# Personal protection dog trainer in calif



## Chris Jones (Jan 26, 2008)

I know of someone in Southern California that is looking for a personal protection dog. They prefer a GSD. Any qualified trainers with dogs that anyone could recommend that I send them to?


----------



## Kyle Sprag (Jan 10, 2008)

that would depend a lot on the handlers experience, bank account and what exactly he is looking for in the dog. Some more info would help. I get asked from time to time the same thing, I know where I would go but for someone else it is weird. Also, many people don't understand the cost that can be involved in a young trained adult.


----------



## Kadi Thingvall (Jan 22, 2007)

I don't know if these guys have anything "in stock" but they are good trainers, honest people, and I'm sure could find your friend something, then help with whatever training needs the dog had. Pete is a GSD breeder, so the best chance of him having GSDs for sale right now.

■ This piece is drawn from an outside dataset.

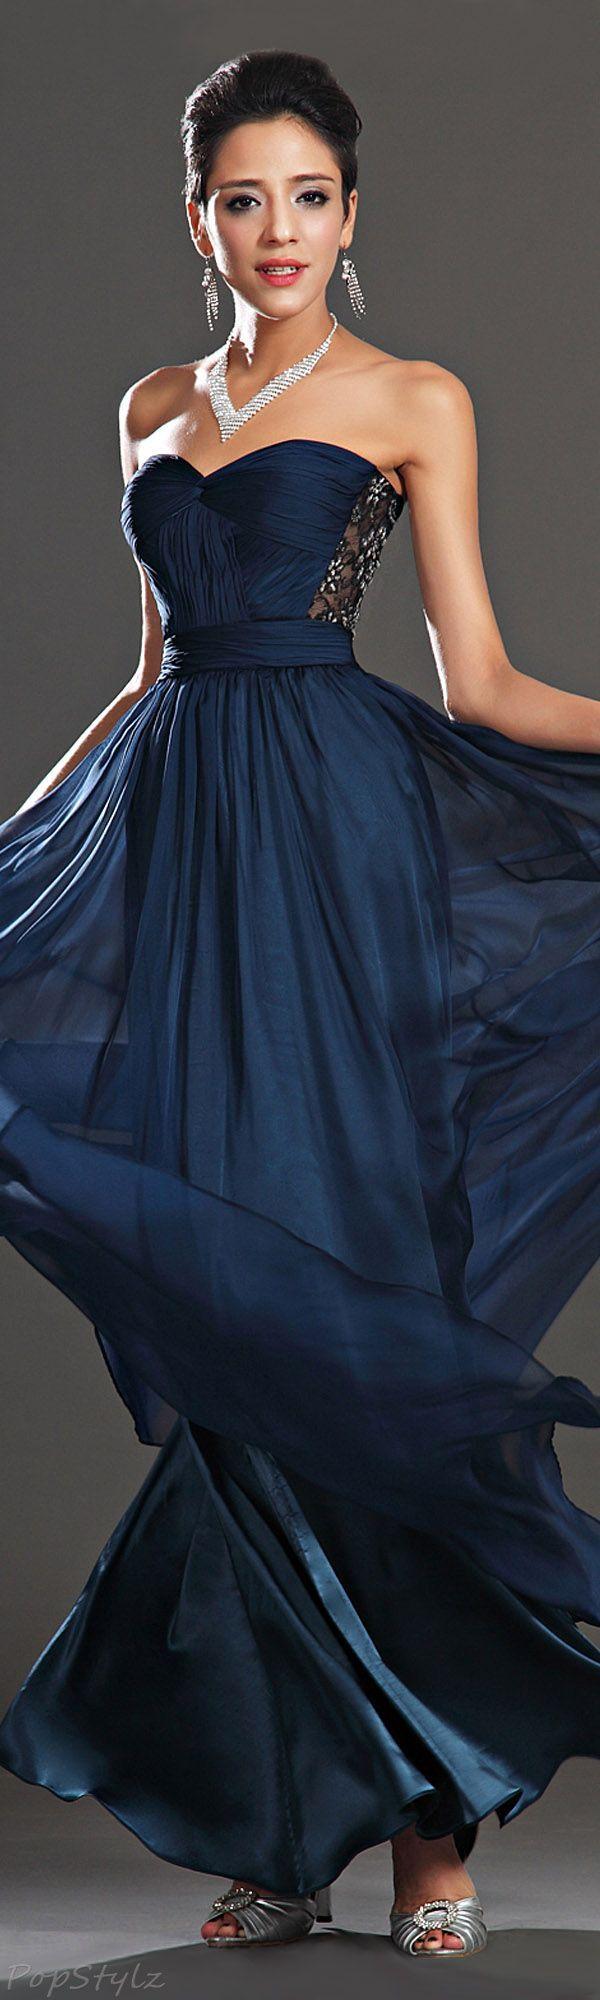 Ungewöhnlich Verkaufen Gebrauchte Prom Kleider Für Bargeld Bilder ...
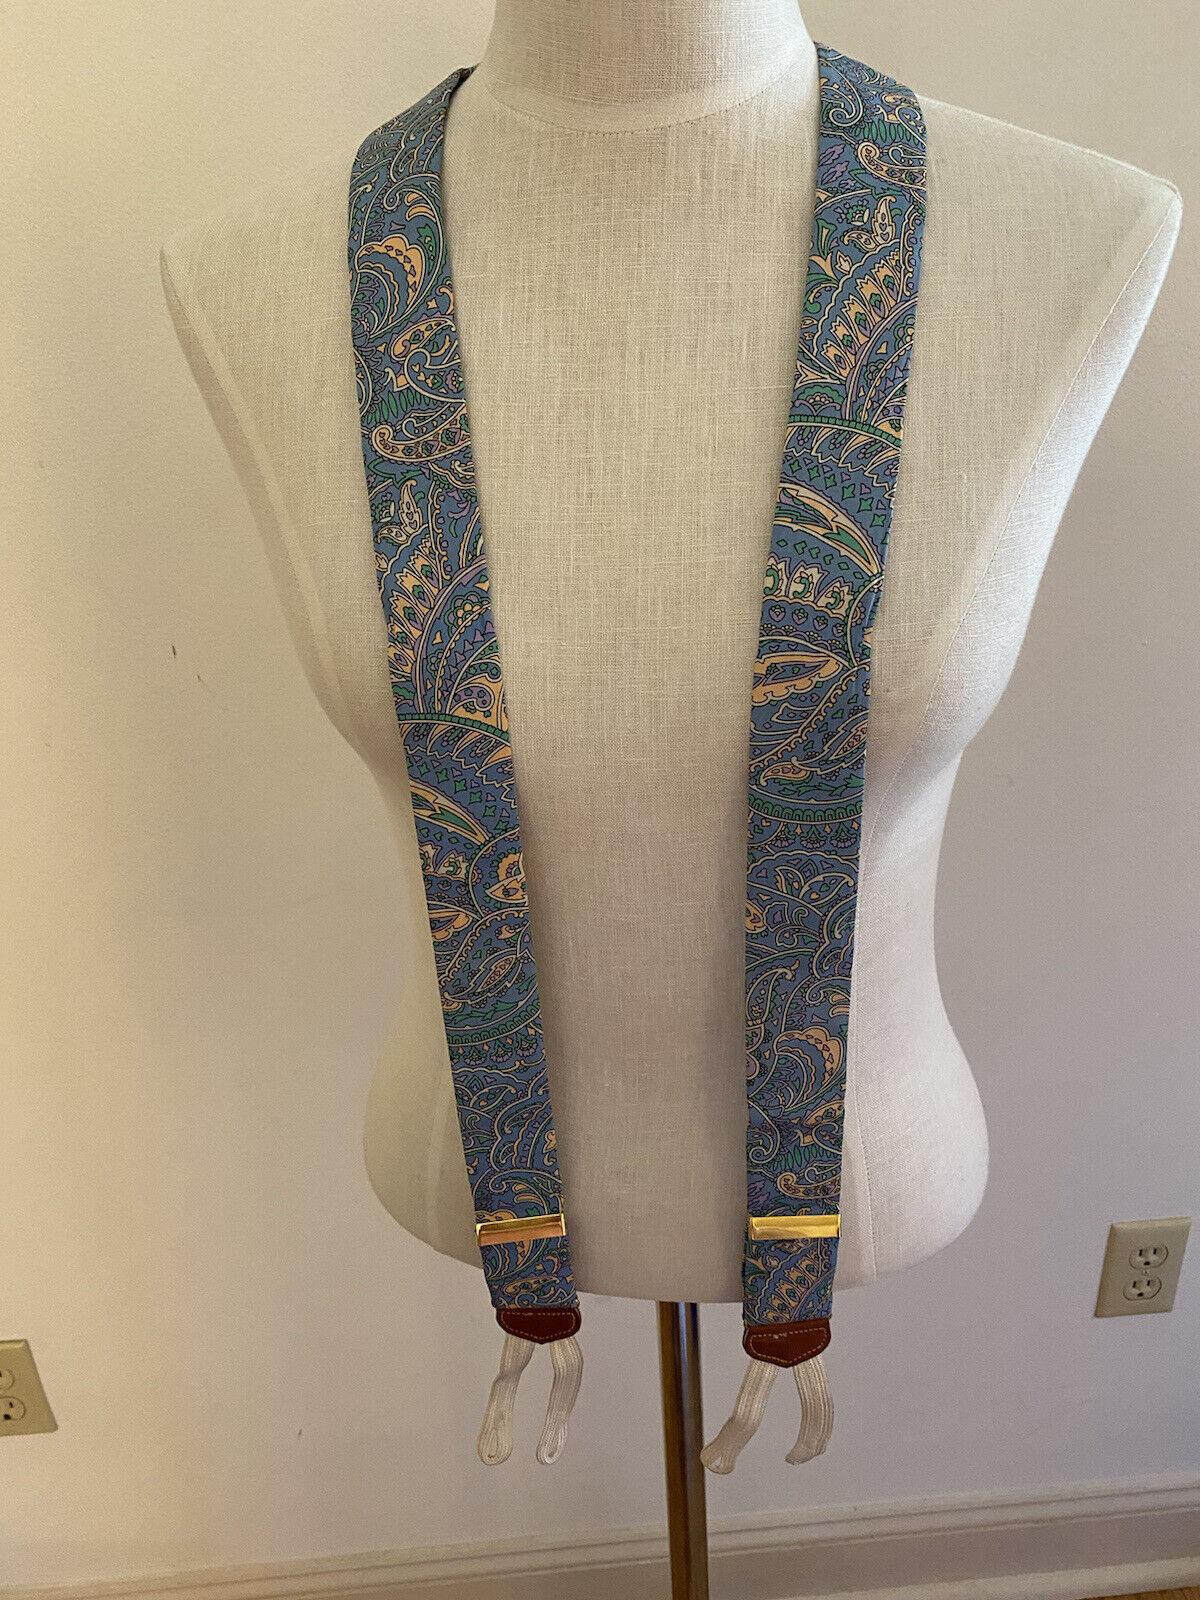 Tregalgar Suspenders blue paisley print cream lavender leather EUC

Adrian Centeno - http://www.training4dogz.com/ This is who I train my FR dogs with
Brian Callin - http://whoswalkingwho.com/ We've done some PSA training together
Pete Medina - http://goldenstatek9trainingacademy.com/ I use his facility all the time for training

I think the Whos Walking Who is actually a group of multiple trainers, Brian is the only one I have experience with, so I couldn't give an opinion on the others.


----------